Validation Dataset and additional processing

The Awesome-CGM public datasets have been updated with processing scripts designed for advanced integrative validation. These datasets serve as standardized test cases for software evaluation. The following datasets have been integrated with additional patient-level statistics such as 'Sex', 'Insulin Modality', 'Diabetes Type', and 'Device Used' from each raw data source:

Each subject is uniquely identified using a pseudo-ordered ID format, with the first digit representing the dataset (e.g., the first subject in the updated Colas2019 dataset is assigned ID 3001, and in the Lynch2022 dataset, ID 1401).

This combined dataset encompasses a population of:

  • Type 1 Diabetic: n=820
  • Type 2 Diabetic: n=27
  • Pre-Diabetic: n=14
  • Healthy: n=398

The dataset has an average study duration of 18 weeks, with a mean age of 32 years. Approximately 74% of the cohort used an insulin pump rather than injections during their study period.

Data Quality Checks

Minimal exclusion criteria have been implemented for users performing data quality checks. A missing data/cleaning check R script is provided with the following inclusion criteria:

  • 90% non-missing data for 1-day records
  • 70% non-missing data for records spanning 2–14 days
  • 70% non-missing data for records covering periods from 14 days to 3 months

An optional visual quality check R script is also available, using the plot_glu() function from the iglu R package (GitHub link).

A code reproduction demo can be followed using this README file: Processing Demo.

Data Processing R Shiny App

This release includes a ShinyGUI app designed to assist users in navigating, downloading, and processing raw CGM datasets. The app will navigate users to download raw datasets directly from their original sources and process them using their respective AwesomeCGM processing scripts. Users can process and execute datasets either individually or multiple datasets at once. An optional missing data exclusion filter can be applied during processing, enabling more tailored dataset outputs. Processed datasets can then be downloaded in their final form.

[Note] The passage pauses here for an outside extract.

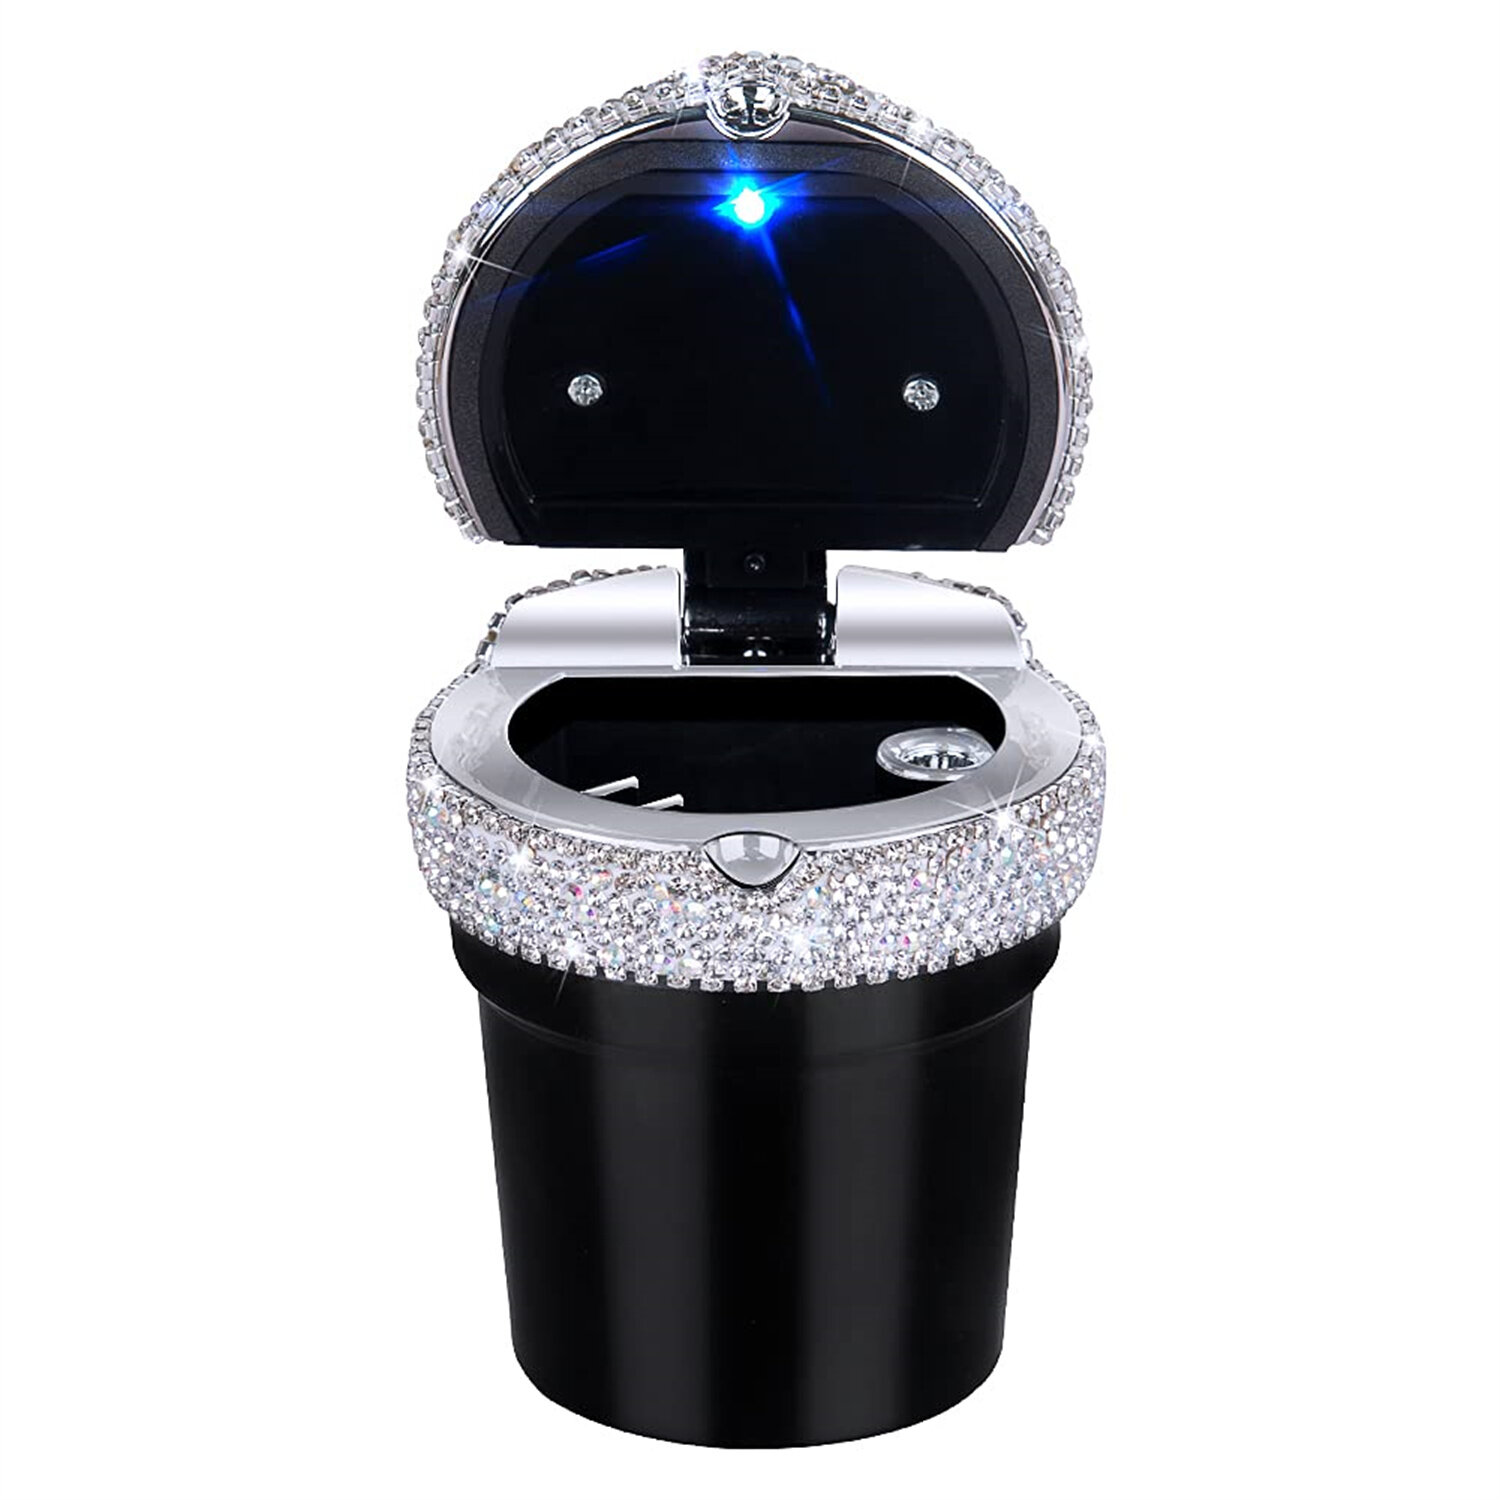 Duftende fire gange Vidner SSHAOSS Car Ashtray Portable Bling Cigarette Smokeless Cylinder Cup Holder  With Blue LED Light Indicator,Car Accessories For Women,Ideal For Car,Home  And Office | Wayfair

You can access the deployed Shiny at Awesome-CGM Validation Dataset GUI.

Steps to Use the App:

  1. Open Awesome-CGM Validation Dataset GUI in you browser.
  2. Browse the dropdown menu to view a list of preloaded dataset sources. Select one or multiple datasets to work with. For each selected dataset, upload the required raw data files by downloading them from their original data sources, as indicated by the on-screen message prompts.
  3. Once all the necessary raw data files are uploaded (bulk uploads are supported), click Process Dataset to begin processing. If desired, toggle the Apply Missing Data Filter checkbox to exclude rows with missing data during processing.
  4. After processing is complete, click the Download Processed Data button to download all processed datasets as a single compressed .zip file.

Important Note: The deployed Shiny link may be unusable for datasets exceeding ~500MB (e.g., the Brown and Lynch datasets). Due to server capacity limitations, unzipping these large datasets may cause the app to time out or fail. Users are encouraged to host the shiny locally when processing that two datasets for optimal performance.

Follow these steps to set up and use the Shiny app on your local machine:

  1. Clone the Repository

Download the repository to your local machine:

git clone https://github.com/Charlotte1031/Awesome-CGM.git
  1. Open the Project File

Navigate to the folder where the repository was cloned and open the ShinyGUI.Rproj file in RStudio. This ensures that the correct working directory and project environment are loaded.

  1. Run the Shiny App with:
  • Open the server.R or ui.R file in RStudio, then click the “Run App” button in the top-right corner of the editor panel.
  • Alternatively, run the following command in the R console:
shiny::runApp("GUI")
  1. Process Datasets Locally

Once the app launches in your browser or a new window, use the Shiny interface to navigate, select, validate, and process your datasets. For larger datasets, such as Brown and Lynch, running the app locally ensures sufficient capacity for processing. Please note that processing these larger datasets may still take a few minutes.